Bagging Regressor MSE: 0.25592438609899626
Random Forest Regressor MSE: 0.2553684927247781


#Question 10: You are working as a data scientist at a financial institution to predict loan
default. You have access to customer demographic and transaction history data.
You decide to use ensemble techniques to increase model performance.
Explain your step-by-step approach to:

● Choose between Bagging or Boosting

● Handle overfitting

● Select base models

● Evaluate performance using cross-validation

● Justify how ensemble learning improves decision-making in this real-world
context.

Answer -> 1. **Choosing between Bagging or Boosting**

To predict loan default, I would first analyze the data complexity and error patterns.

Bagging is useful when the base model has high variance and tends to overfit, such as decision trees.
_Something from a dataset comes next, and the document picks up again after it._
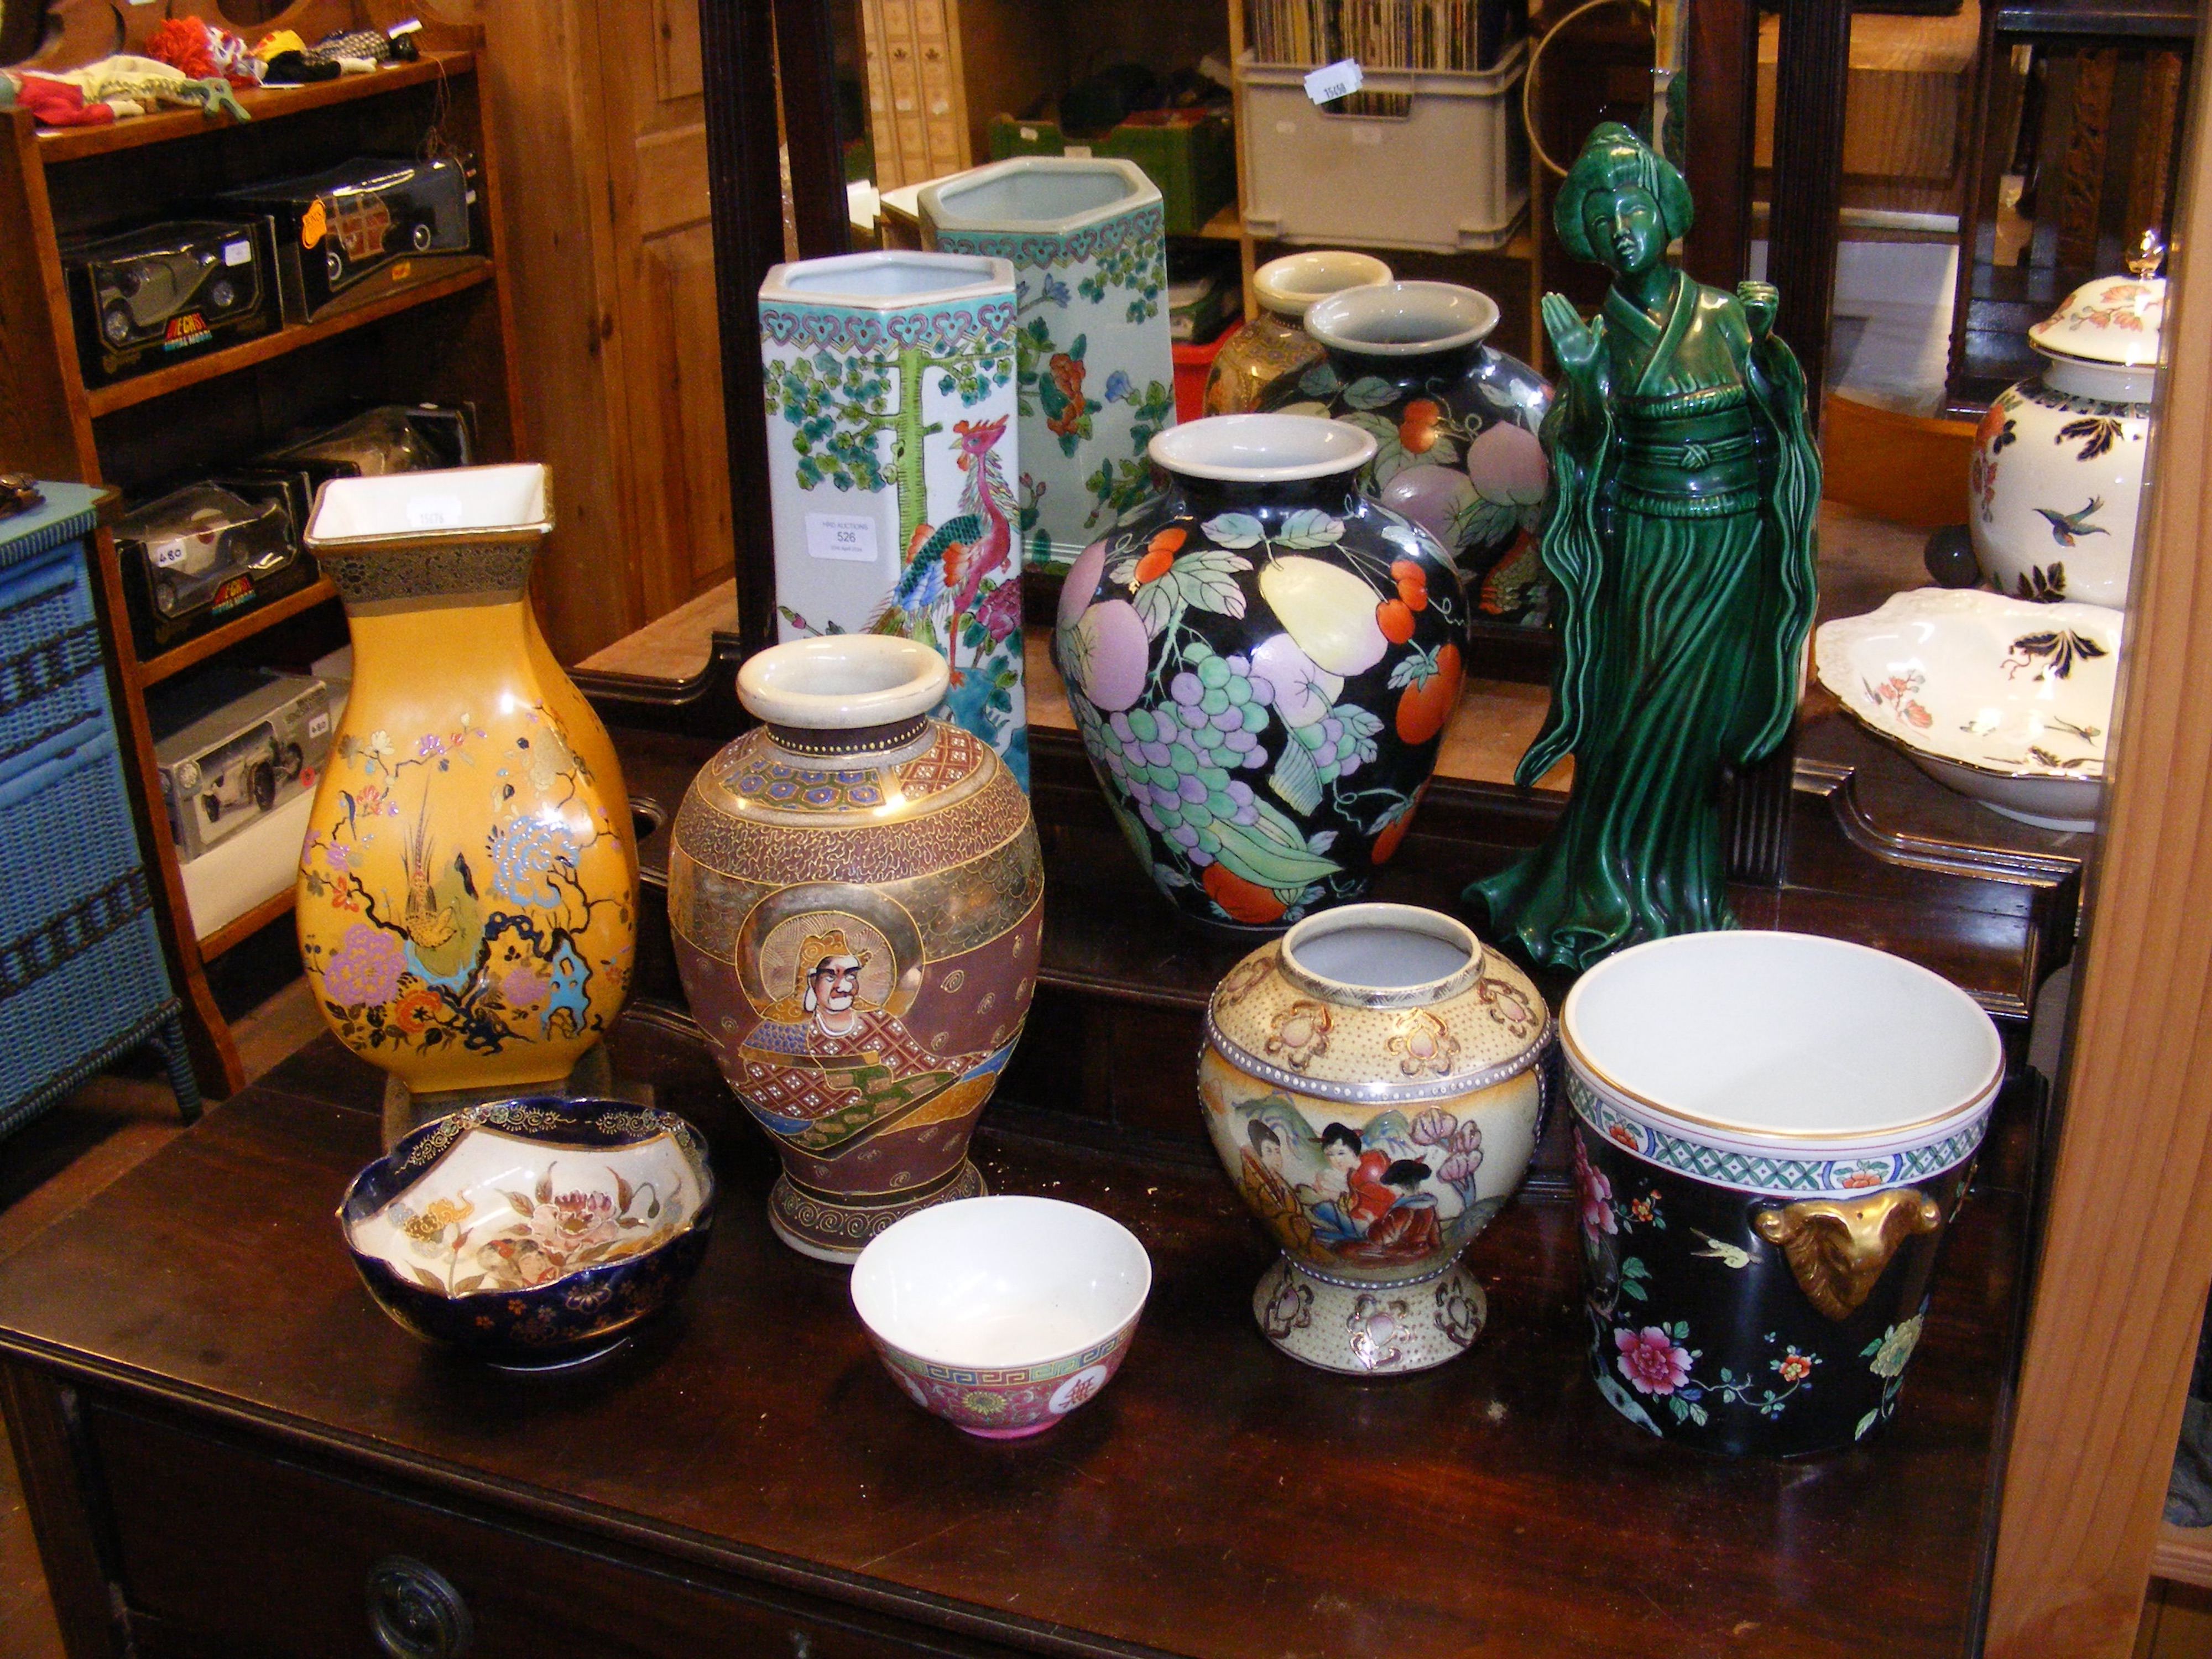 Oriental style vases and ornaments

Boosting is preferred when the goal is to improve accuracy by focusing on difficult and misclassified cases.

Since loan default prediction is a high-risk, imbalanced problem where misclassifying defaulters is costly, Boosting would be the preferred choice because it reduces bias and improves predictive performance.

**2. Handling Overfitting**

Overfitting can be controlled by:

Limiting tree depth and number of estimators

Using regularization parameters (learning rate, subsampling)

Applying early stopping (in boosting methods)

Validating model performance using cross-validation

These techniques ensure that the model generalizes well to unseen customer data

**3. Selecting Base Models**

Decision Trees are chosen as base models because:

They capture non-linear relationships in financial data

They handle feature interactions effectively

They are easy to interpret, which is important in financial institutions

Simple decision trees act as weak learners that can be combined effectively in ensemble methods.

**4. Evaluating Performance using Cross-Validation**

Cross-validation is used to assess model stability and robustness.

K-fold cross-validation ensures that the model performs consistently across different subsets of data

Evaluation metrics such as ROC-AUC, Recall, and Precision are used instead of accuracy to handle class imbalance

This provides a reliable estimate of real-world performance.

**5. Business Justification of Ensemble Learning**

Ensemble learning improves decision-making by:

Increasing prediction accuracy for loan default

Reducing financial risk by correctly identifying high-risk customers

Supporting fair and data-driven loan approval decisions

Enhancing trust and compliance through stable and reliable predictions

By combining multiple models, ensemble techniques deliver more robust and reliable results than single models in real-world financial applications.